Physics

At the current moment, the module supports:

Maxwell phase transition

The Maxwell phase transition requires only two EoS files, specified via the eos_input_file options under the model1_BetaEq_files and model2_BetaEq_files sections. This type of phase transition (PT) occurs when the baryon chemical potentials and pressures cross:

\[\mu_B^I = \mu_B^{II} \qquad P^I = P^{II}\]

While these quantities are continuous, others such as the baryon density (\(n_B\)), energy density (\(\varepsilon\)), charge chemical potential (\(\mu_Q\)), and charge density (\(n_Q\)) are discontinuous. To use this phase transition, set the option synthesis_type to ‘maxwell’.

Gibbs phase transition

The Gibbs phase transition requires two beta-equilibrated EoS files, the pure leptonic EoS, and the two gridded EoS files without leptons (i.e., the EoS files that come directly from the Nuclear physics module). All of these are specified in the eos_input_file options. This type of PT occurs over a certain range of densities, where phase I occupies a volume fraction \(f\) and phase II occupies \(1-f\). In this case, pressure, baryon chemical potential, and charge chemical potentials match:

\[\mu_B^I = \mu_B^{II} \qquad \mu_Q^I = \mu_Q^{II} \qquad P^I = P^{II}\]

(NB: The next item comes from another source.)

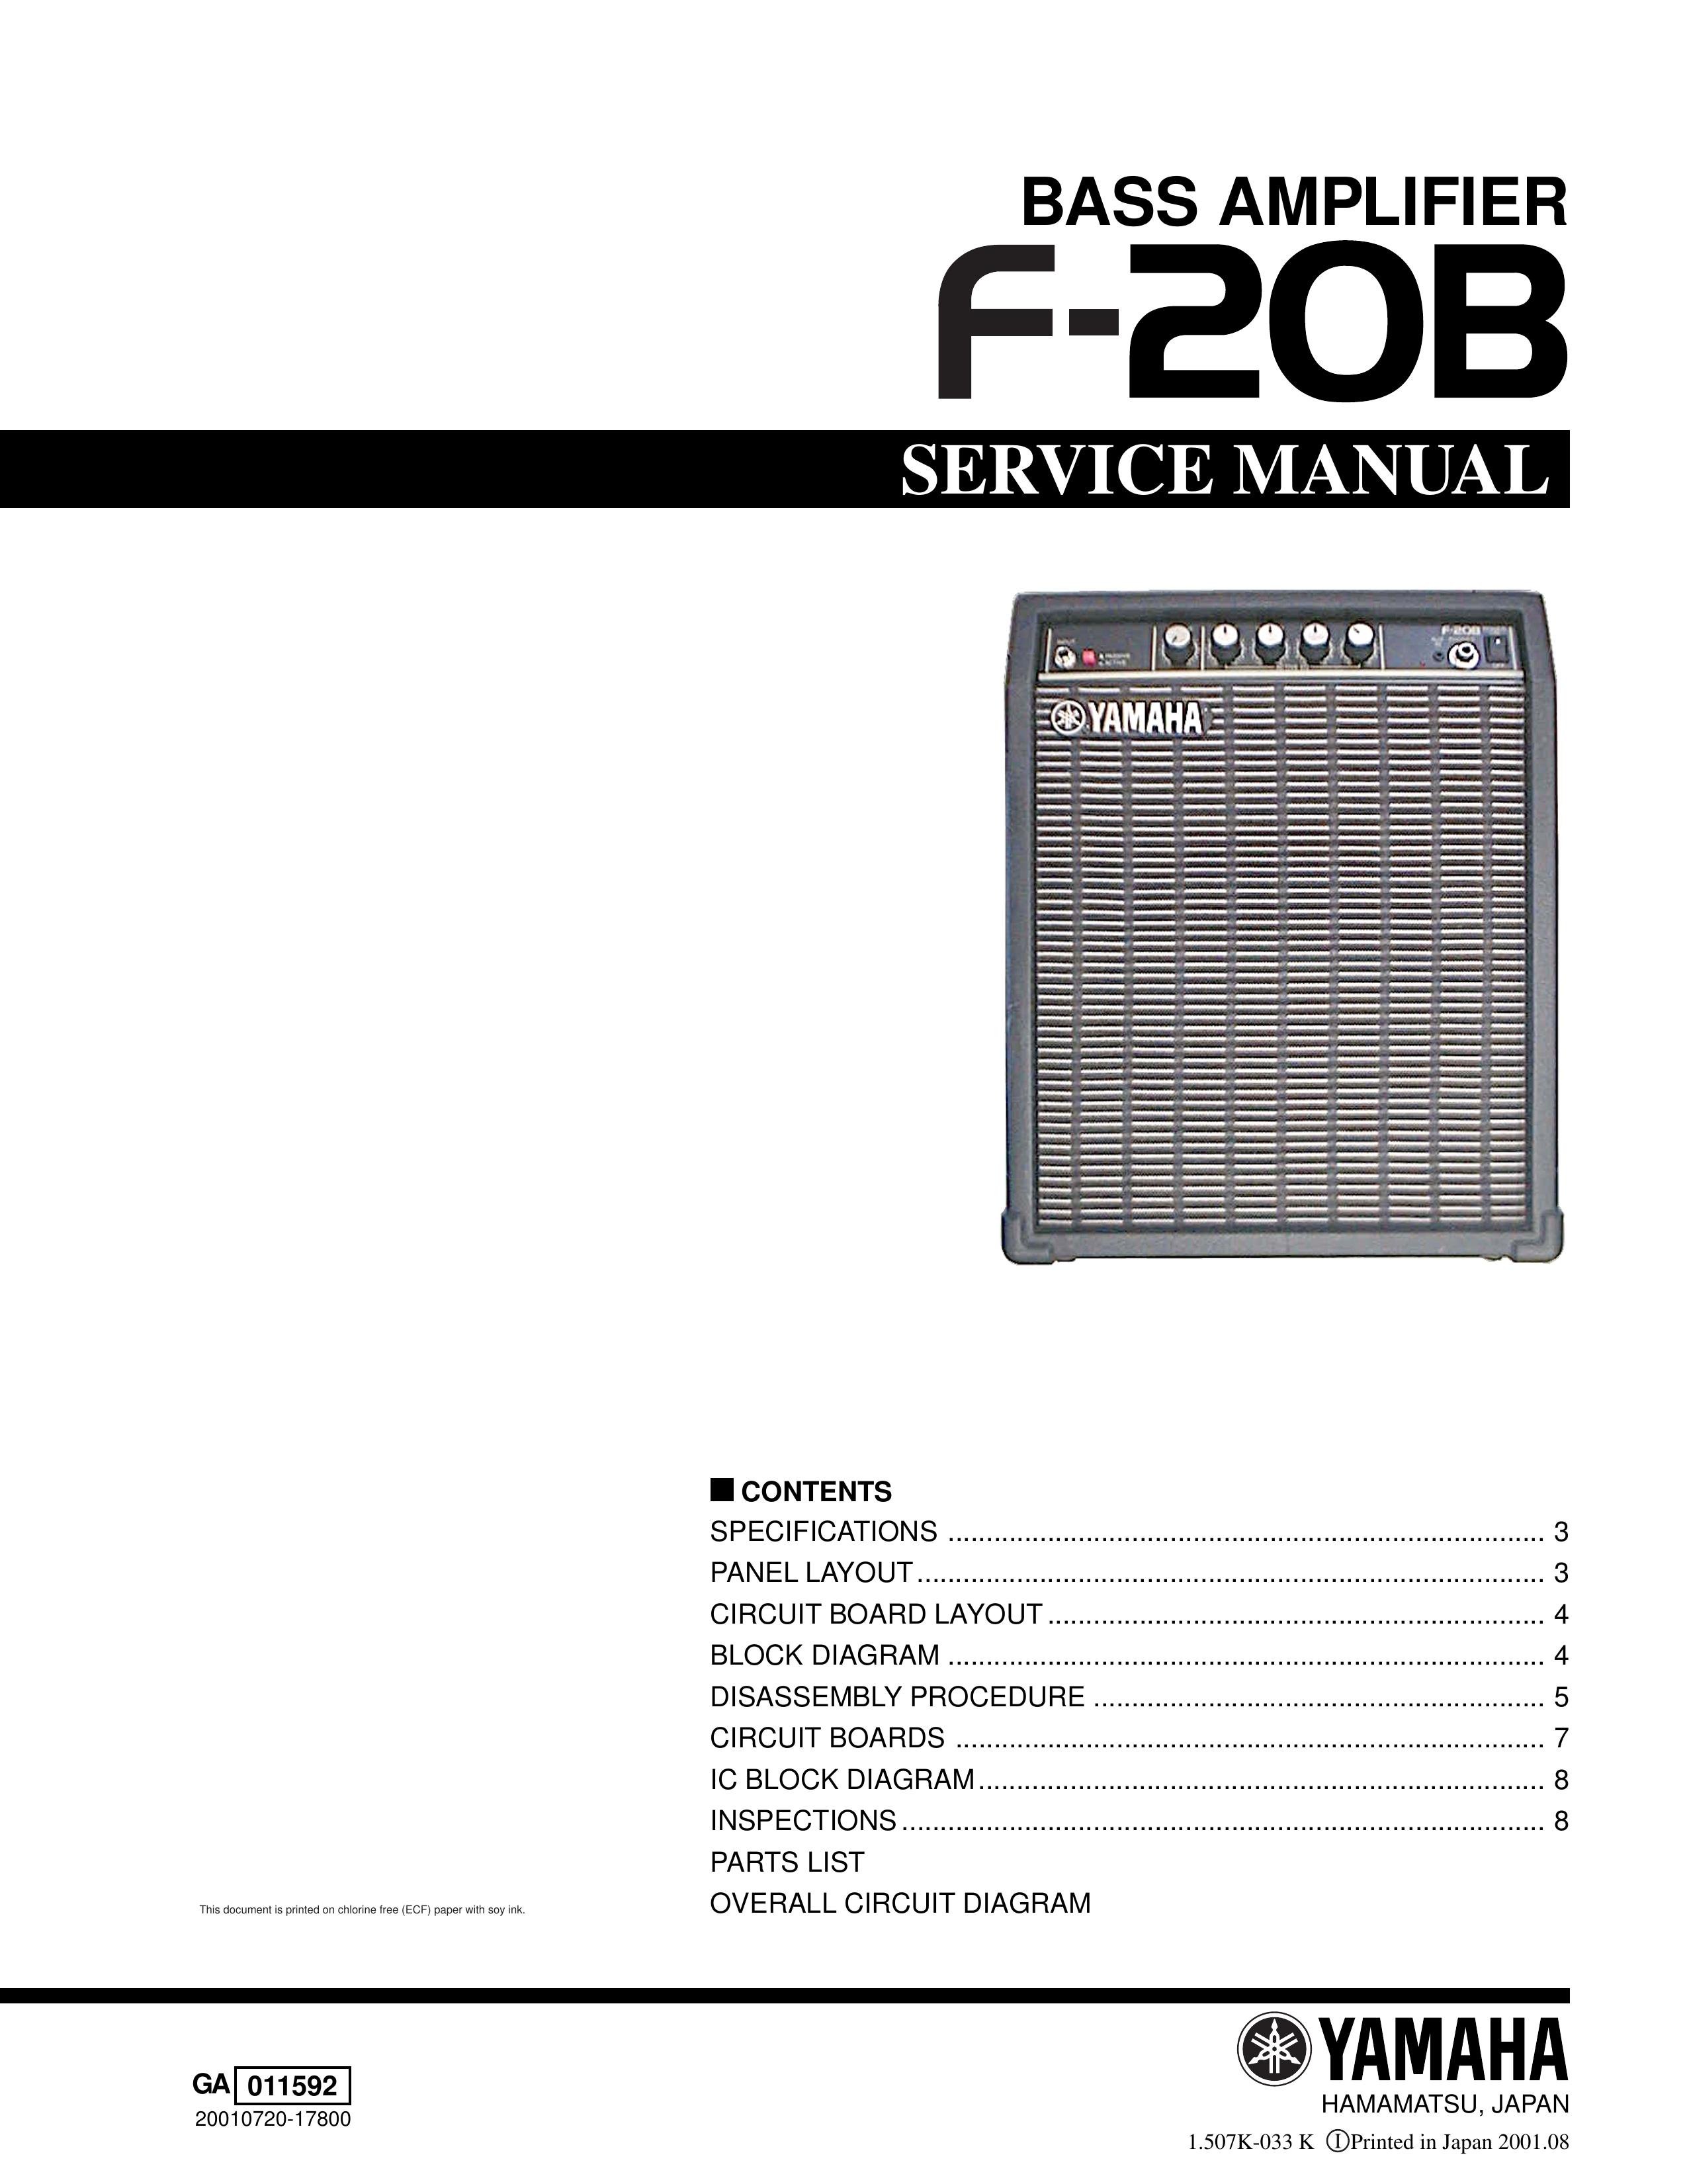 Yamaha Bass Amplifier Musical Instrument Amplifier User Manual

and the net electric charge must be zero:

\[f n_Q^I + (1-f) n_Q^{II} + n_Q^{leptons} = 0\]

To use this phase transition, set the option synthesis_type to ‘gibbs’.

Hyperbolic tangent interpolation

The interpolation is a well-known method for joining different EoS’s by interpolating them. In this module, the hyperbolic tangent method is used, where the interpolating functions are defined as:

\[f_\pm(x) = \frac{1}{2} \left[ 1 \pm \tanh \left( \frac{x - \bar{x}}{\Gamma} \right) \right],\]

where \(x\) is some thermodynamic variable, \(\bar{x}\) is the midpoint of the merging, and \(\Gamma\) is its width. The function \(Y(x)\) to be interpolated can be chosen and it is defined as:

\[Y(x) = Y^I f_- (x) + Y^{II} f_+ (x)\]

The options for the variables \(Y(x)\) are the following:

\[\varepsilon(n_B), \quad P(n_B), \quad P(\mu_B), c_s^2(n_B)\]

Other thermodynamic quantities are obtained from standard thermodynamic relations, such as

\[P= n_B^2 \frac{\partial \varepsilon/n_B}{\partial n_B} \text{,} \quad n_B = \frac{\partial P}{\partial \mu_B} \text{and} \mu_B= \frac{\varepsilon+ P}{n_B}\]

except in the speed of sound interpolation, where we integrate the EoS upwards, using

\[n_{B, i+1} = n_{B, i} + \Delta n_B\]
\[\varepsilon_{i+1} = \varepsilon_i + \Delta n_B \left( \frac{\varepsilon_i + P_i}{n_{B, i}} \right)\]
\[P_{i+1} = P_i + c_s^2(n_{B, i}) \Delta \varepsilon\]

following arXiV:2106.03890.

To use the interpolation, set synthesis_type to ‘hyperbolic-tangent’ in the config file, and use the variables in the interpolation_method section. The option use_thermodynamic_consistency is enabled by default, and it is highly recommended. If it is disabled by the user, all thermodynamic variables will be obtained just like \(Y(x)\), instead of using the thermodynamic relations.

Attachment method

To simply attach the EoS, set synthesis_type to ‘attach’ and define the attach_variable and attach_value. For example, if the user chooses attach_variable=pressure and attach_value=10, then the output will contain the first EoS at \(P < 10\) MeV fm-3 and the second EoS at \(P > 10\) MeV fm-3.